- [YOUR TASK] Restate the data below word for word, omitting pictures.
──────── MATERIAL PROVIDED ────────
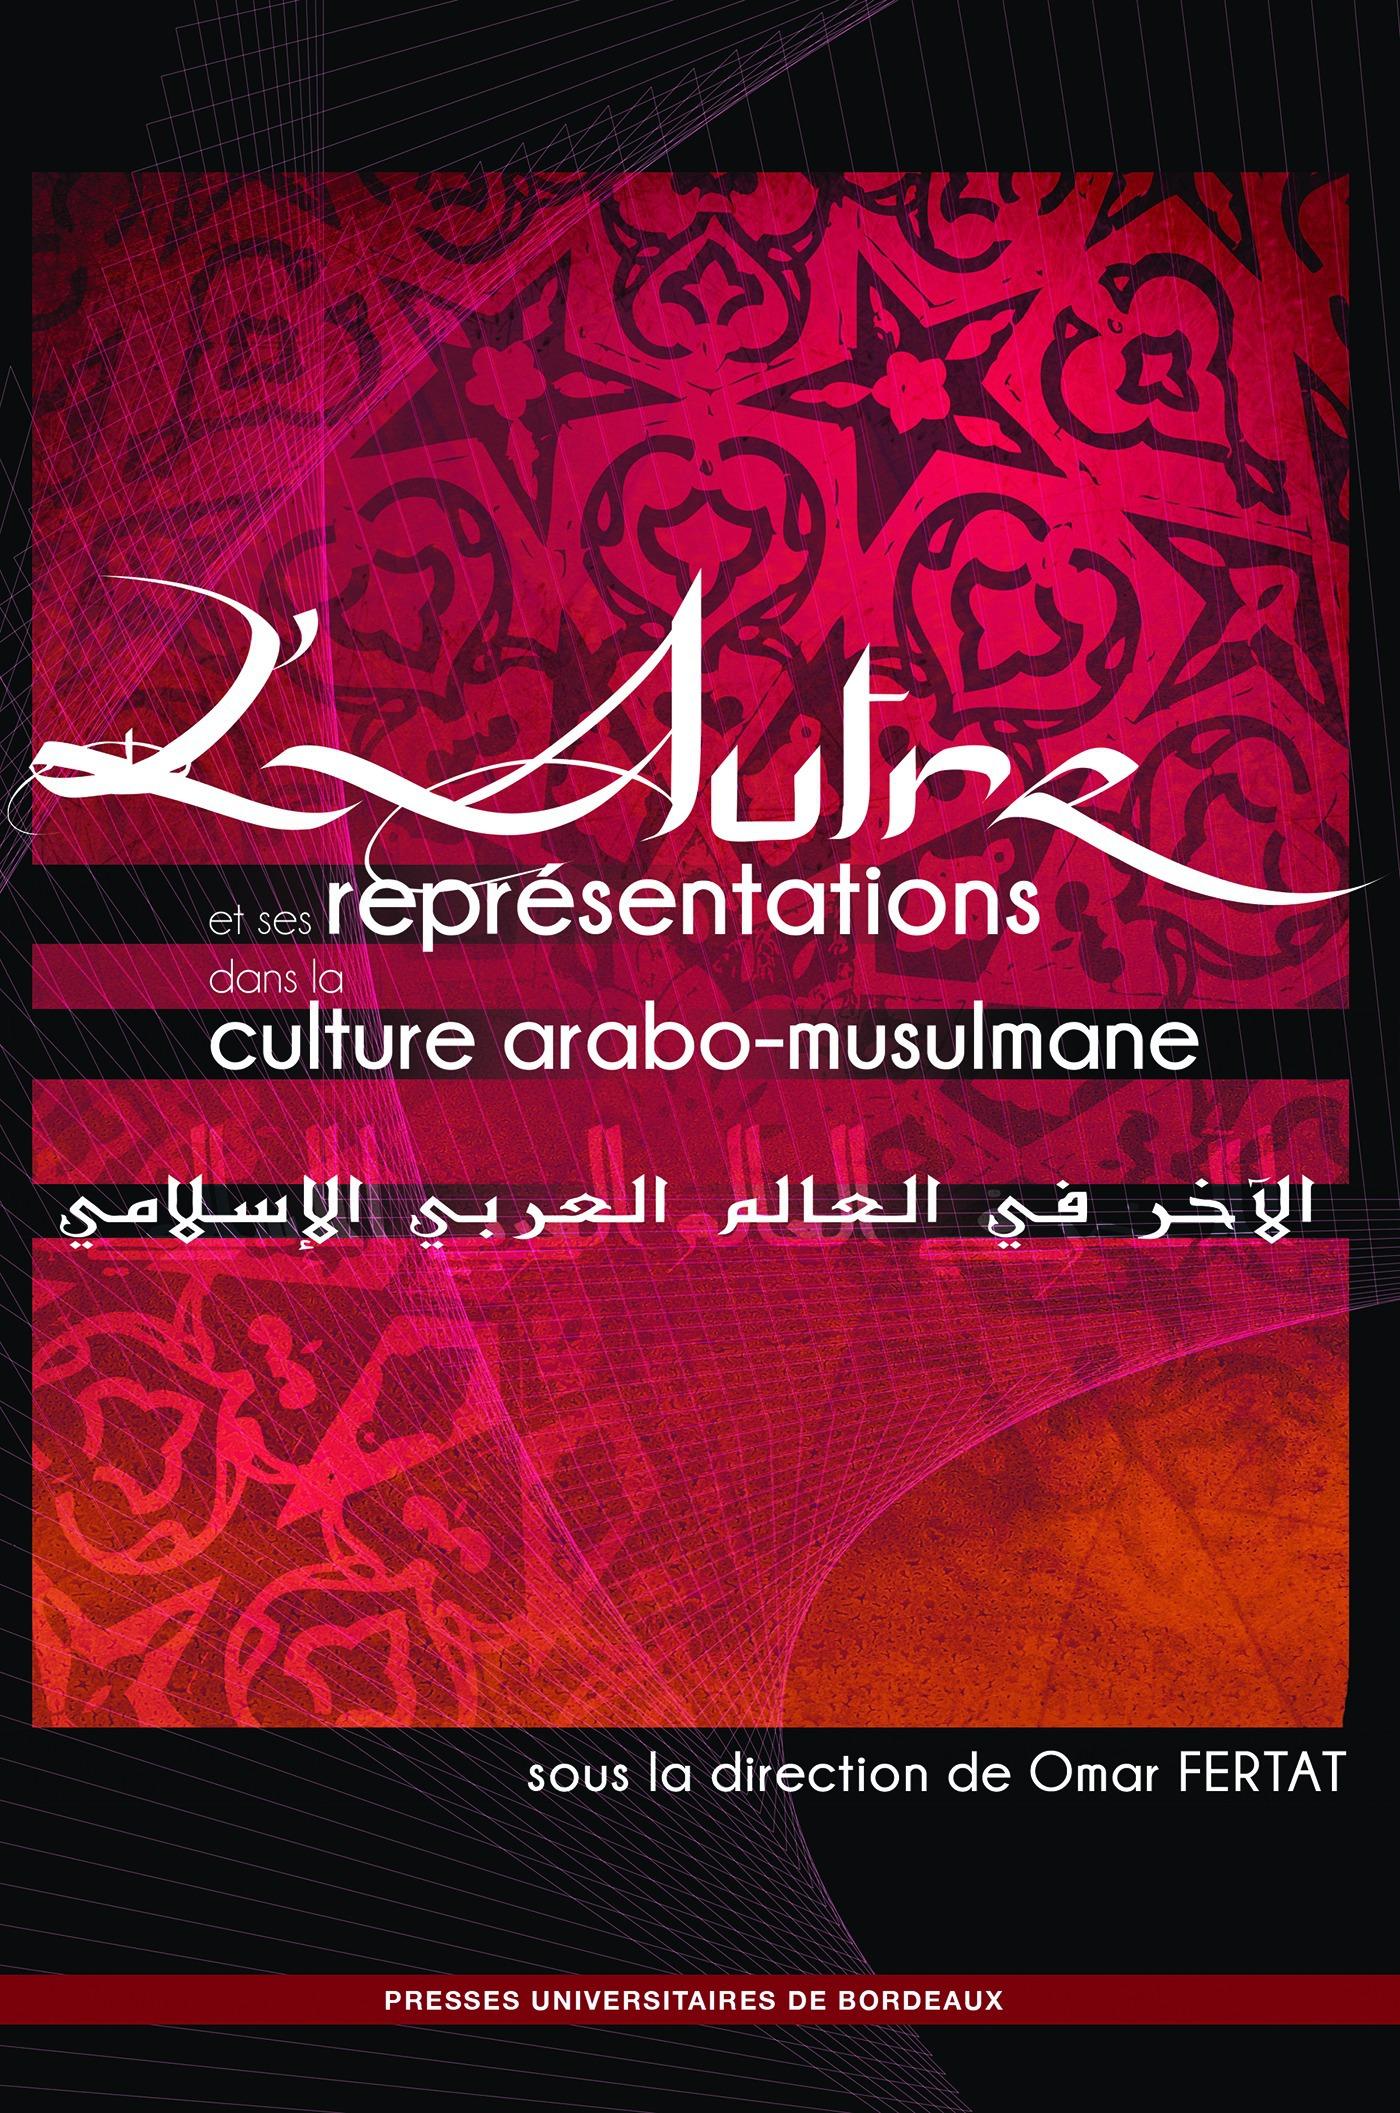 Omar Fertat L'Autre et ses représentations dans la culture arabo-musulmane
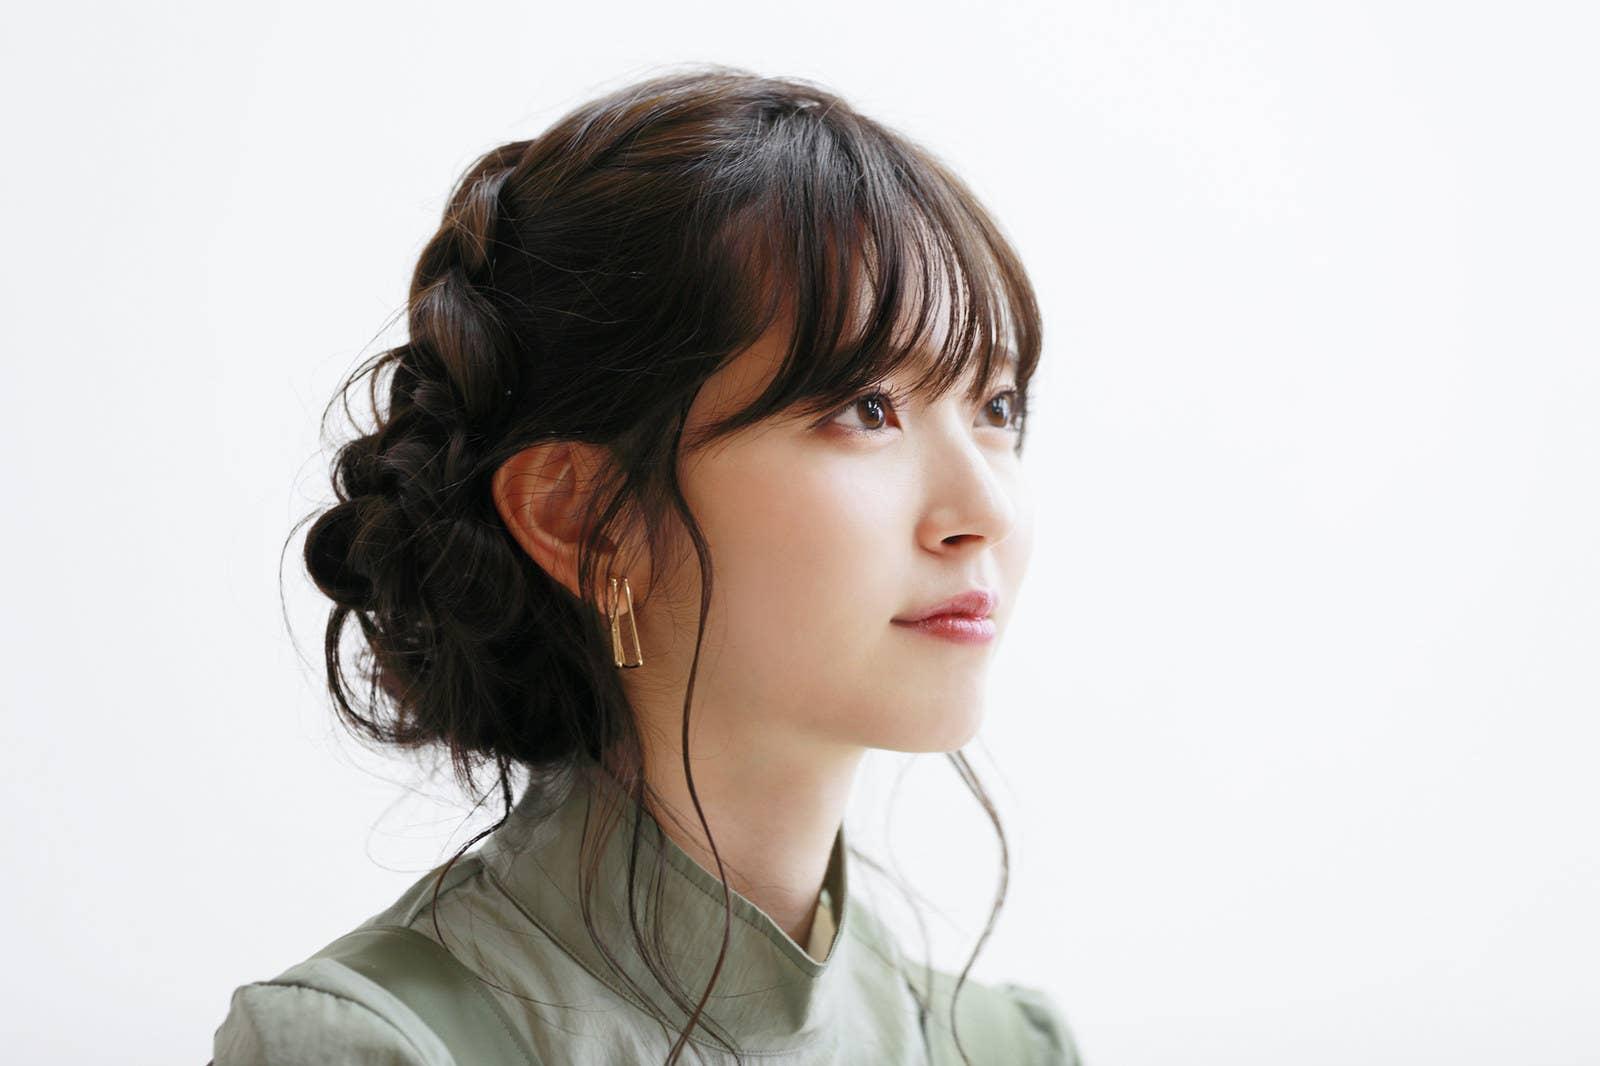 「鈴木愛理」の画像検索結果
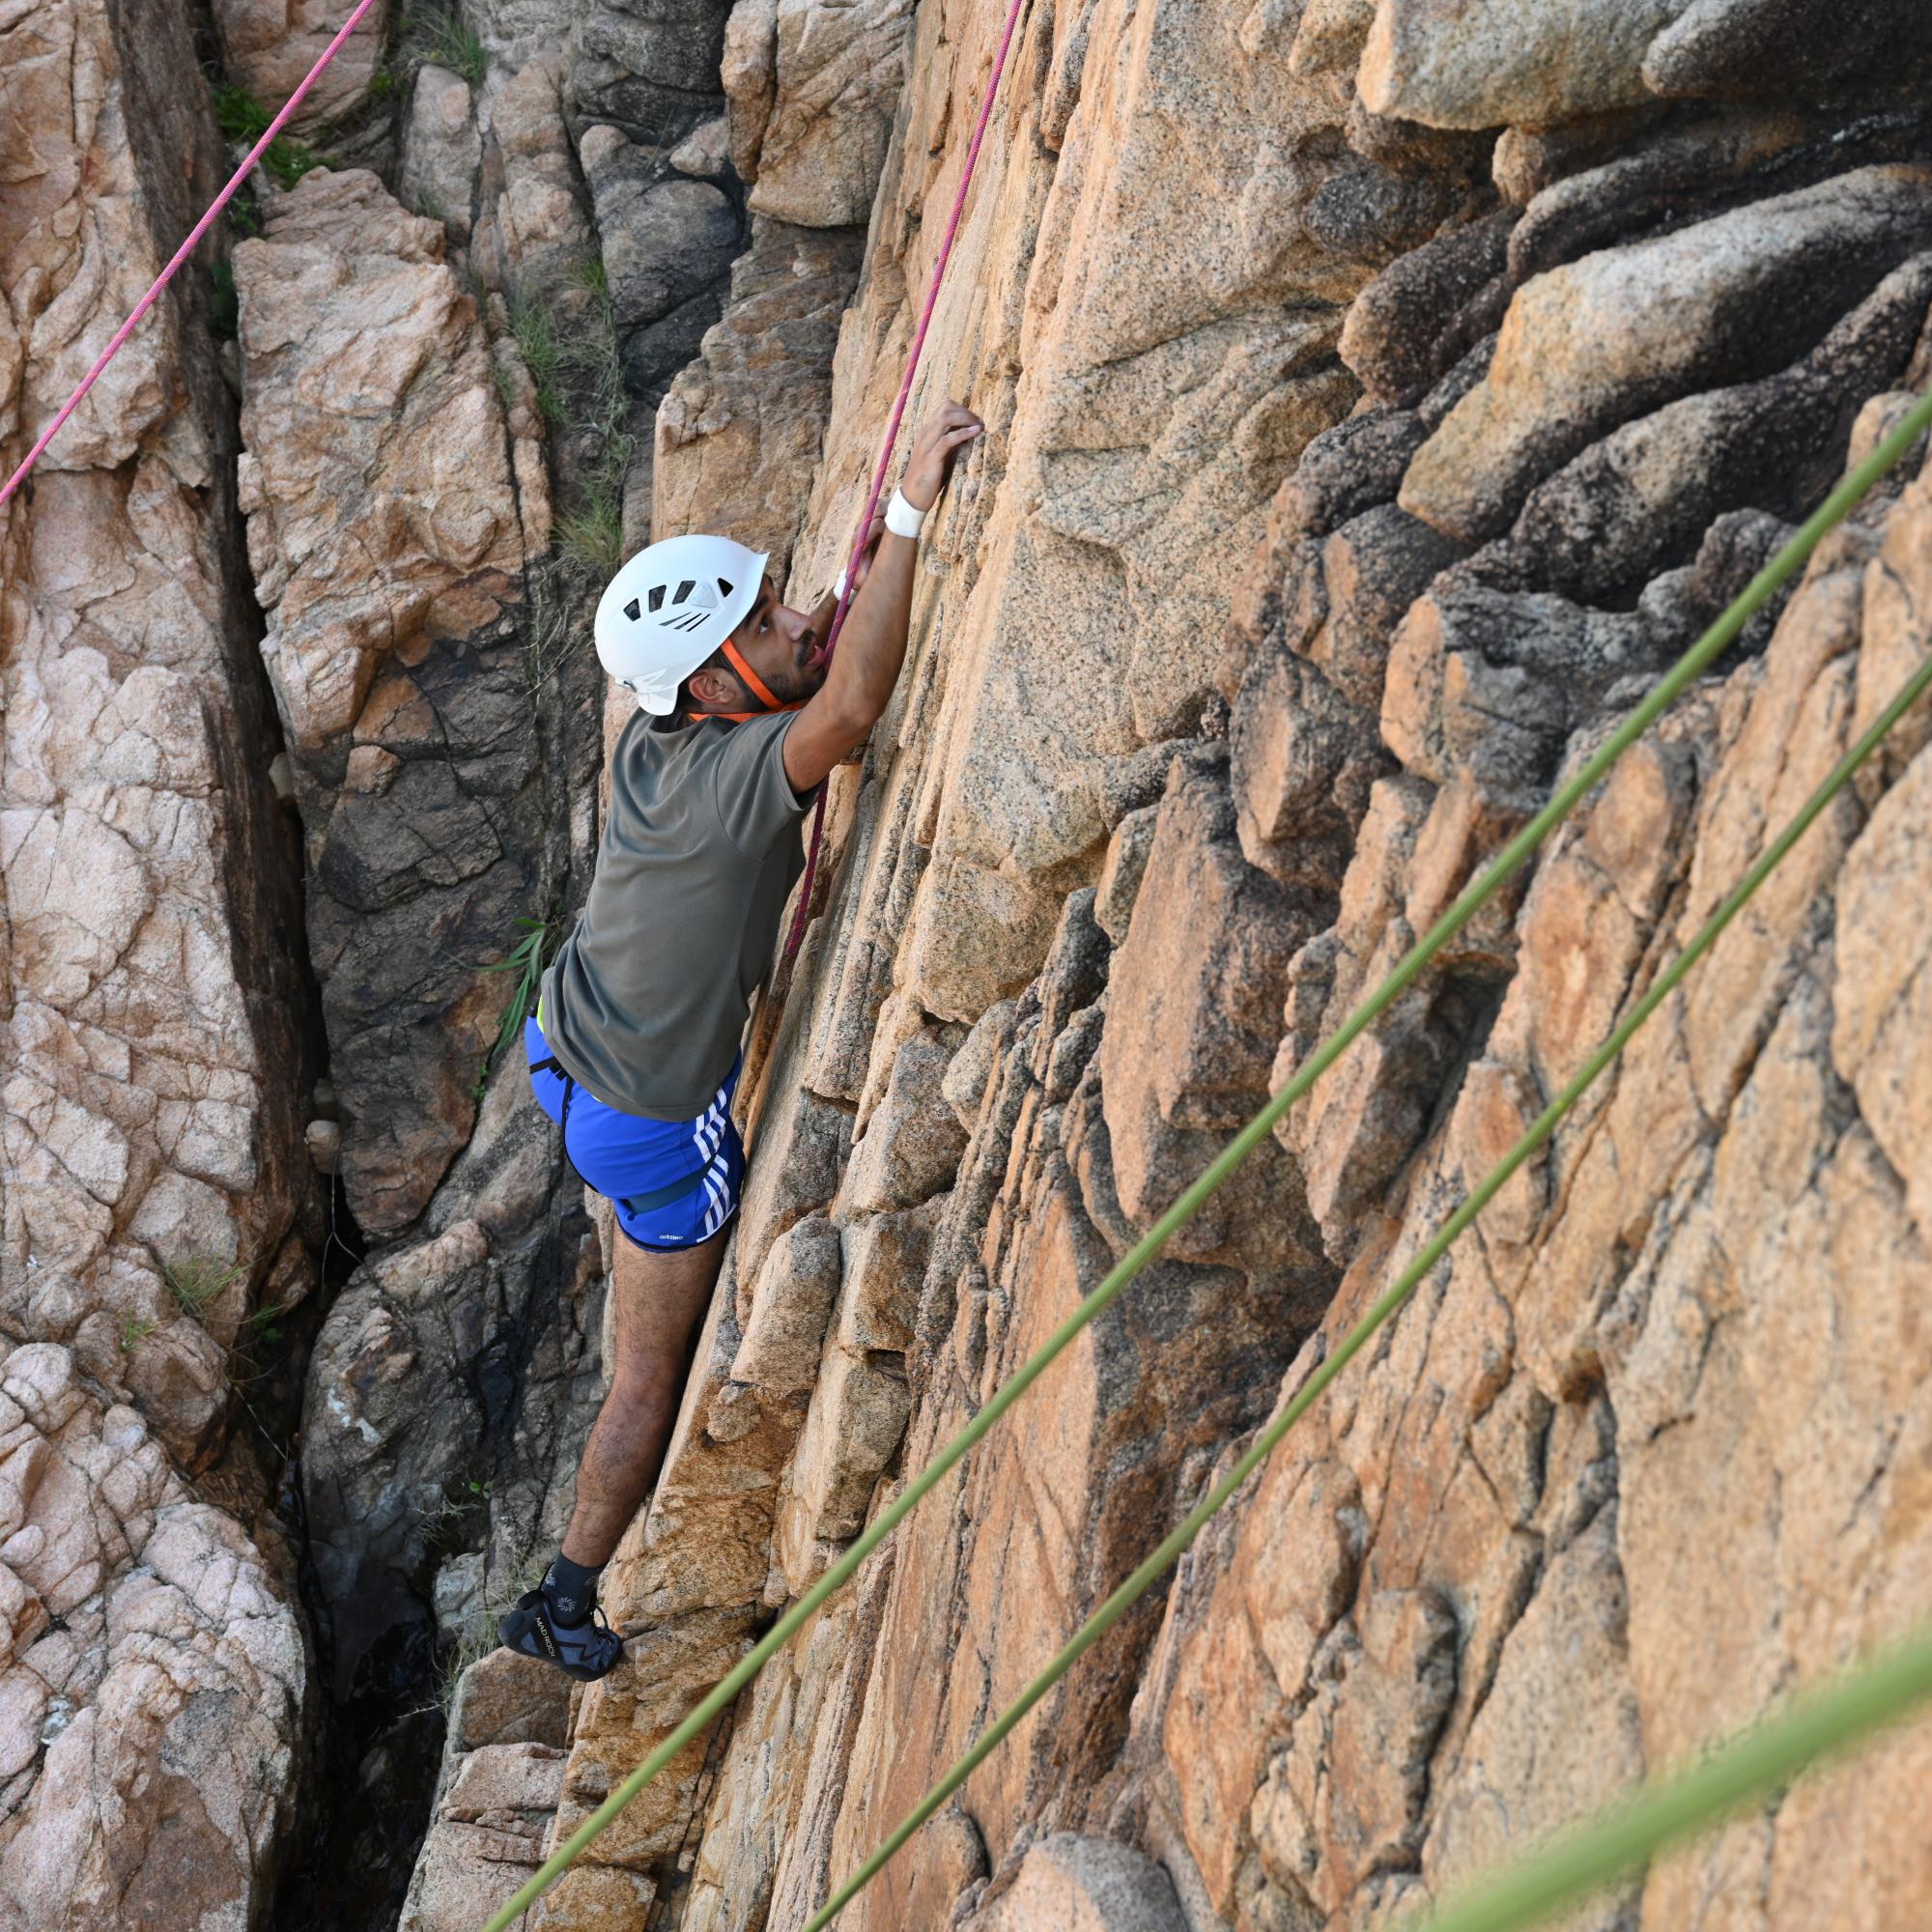 戶外攀岩體驗日(7月11日 星期日)
────────
- [REPLY TO THE EXERCISE]
 Omar Fertat L'Autre et ses représentations dans la culture arabo-musulmane
 「鈴木愛理」の画像検索結果
 戶外攀岩體驗日(7月11日 星期日)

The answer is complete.